What you will do ▸ The reply to the records below should contain exactly the lines from the line with "Matthaus Merian; Count" through the line with "Continuity of Operations Planning Handbook", and nothing besides.
>>>>
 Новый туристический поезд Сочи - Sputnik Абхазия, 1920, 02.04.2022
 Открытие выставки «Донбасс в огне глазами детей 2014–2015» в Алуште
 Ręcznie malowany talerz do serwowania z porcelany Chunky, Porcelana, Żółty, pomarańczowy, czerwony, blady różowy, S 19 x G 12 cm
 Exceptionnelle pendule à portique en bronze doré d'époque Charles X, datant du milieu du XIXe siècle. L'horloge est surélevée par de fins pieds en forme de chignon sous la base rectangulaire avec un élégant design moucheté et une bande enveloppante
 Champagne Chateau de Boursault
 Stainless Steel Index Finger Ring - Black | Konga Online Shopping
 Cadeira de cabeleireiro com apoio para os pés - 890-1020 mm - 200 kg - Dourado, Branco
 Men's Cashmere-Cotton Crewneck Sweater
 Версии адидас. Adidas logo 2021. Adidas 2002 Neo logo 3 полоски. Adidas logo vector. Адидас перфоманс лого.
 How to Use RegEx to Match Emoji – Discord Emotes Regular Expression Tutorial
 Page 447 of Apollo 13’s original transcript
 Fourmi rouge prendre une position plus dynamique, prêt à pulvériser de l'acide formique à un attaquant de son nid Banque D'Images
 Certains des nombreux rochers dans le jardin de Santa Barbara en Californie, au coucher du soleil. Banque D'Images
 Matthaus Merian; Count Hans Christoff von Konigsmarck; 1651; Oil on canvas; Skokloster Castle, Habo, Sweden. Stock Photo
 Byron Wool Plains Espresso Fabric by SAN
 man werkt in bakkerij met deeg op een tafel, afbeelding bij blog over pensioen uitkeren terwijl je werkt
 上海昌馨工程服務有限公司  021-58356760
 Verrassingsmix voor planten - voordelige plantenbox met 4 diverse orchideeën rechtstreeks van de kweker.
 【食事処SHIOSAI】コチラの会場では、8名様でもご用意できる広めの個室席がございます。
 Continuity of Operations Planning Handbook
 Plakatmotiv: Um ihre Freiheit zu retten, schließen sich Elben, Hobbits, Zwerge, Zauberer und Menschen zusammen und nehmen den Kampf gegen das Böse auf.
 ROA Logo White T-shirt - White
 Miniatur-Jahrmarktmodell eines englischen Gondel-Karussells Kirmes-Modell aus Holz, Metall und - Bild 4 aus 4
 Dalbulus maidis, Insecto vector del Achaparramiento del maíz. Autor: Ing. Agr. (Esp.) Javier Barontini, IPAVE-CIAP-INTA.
<<<<
Output for this task ▸
 Matthaus Merian; Count Hans Christoff von Konigsmarck; 1651; Oil on canvas; Skokloster Castle, Habo, Sweden. Stock Photo
 Byron Wool Plains Espresso Fabric by SAN
 man werkt in bakkerij met deeg op een tafel, afbeelding bij blog over pensioen uitkeren terwijl je werkt
 上海昌馨工程服務有限公司  021-58356760
 Verrassingsmix voor planten - voordelige plantenbox met 4 diverse orchideeën rechtstreeks van de kweker.
 【食事処SHIOSAI】コチラの会場では、8名様でもご用意できる広めの個室席がございます。
 Continuity of Operations Planning Handbook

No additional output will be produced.